# Work instructions:
In this exercise, the entries below include pictures. Repeat exactly the lines from the line with "Flaming Star and" to the line with "The New Huawei MateBook 14", including both, but without the pictures.

# Information given:
▬▬▬▬▬▬
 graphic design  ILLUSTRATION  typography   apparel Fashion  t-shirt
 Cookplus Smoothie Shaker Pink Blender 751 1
▬▬▬▬▬▬
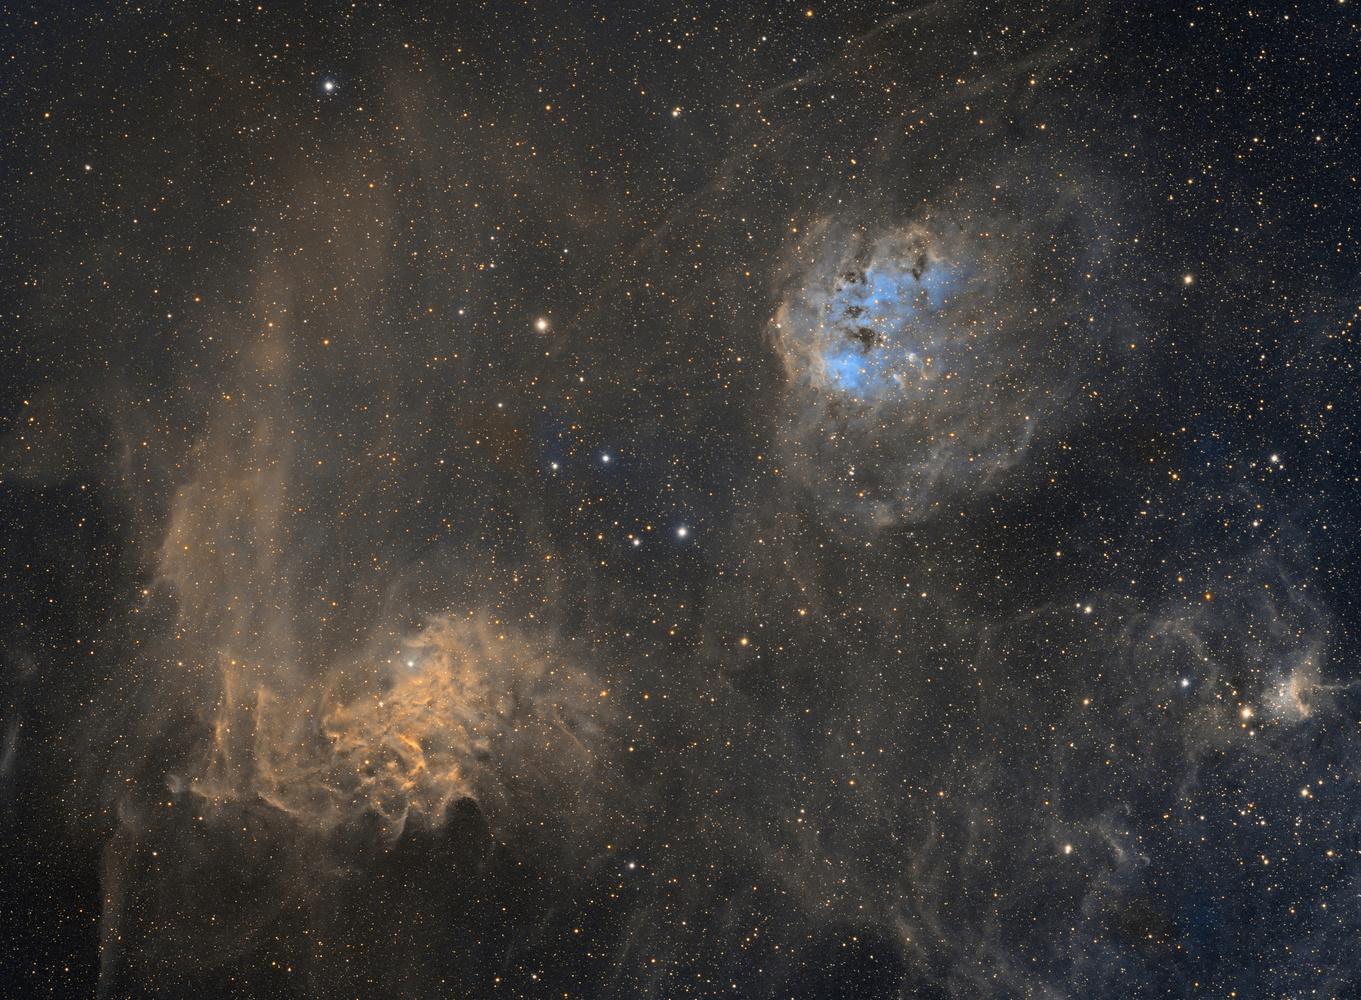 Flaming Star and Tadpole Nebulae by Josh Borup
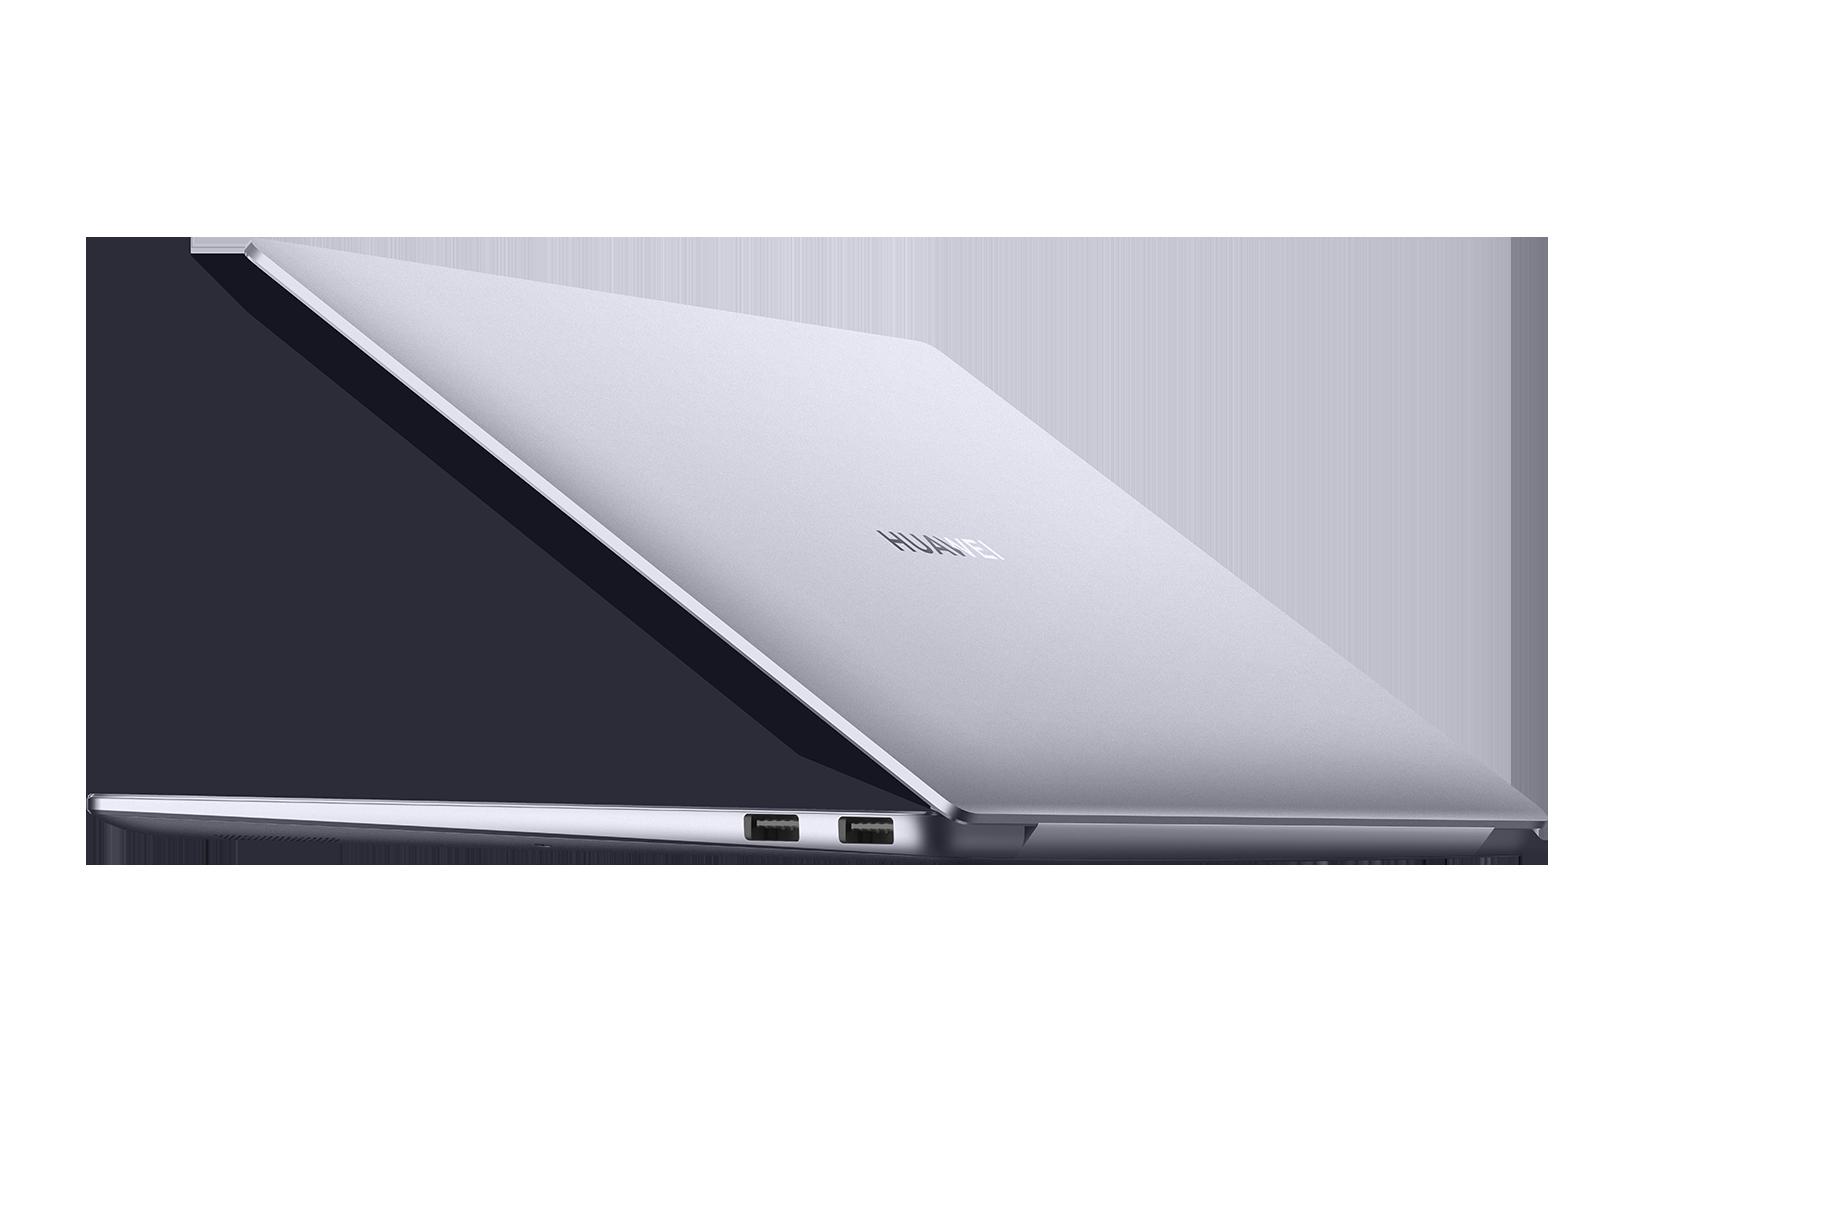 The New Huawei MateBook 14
▬▬▬▬▬▬
# Solution to this exercise:
 Flaming Star and Tadpole Nebulae by Josh Borup
 The New Huawei MateBook 14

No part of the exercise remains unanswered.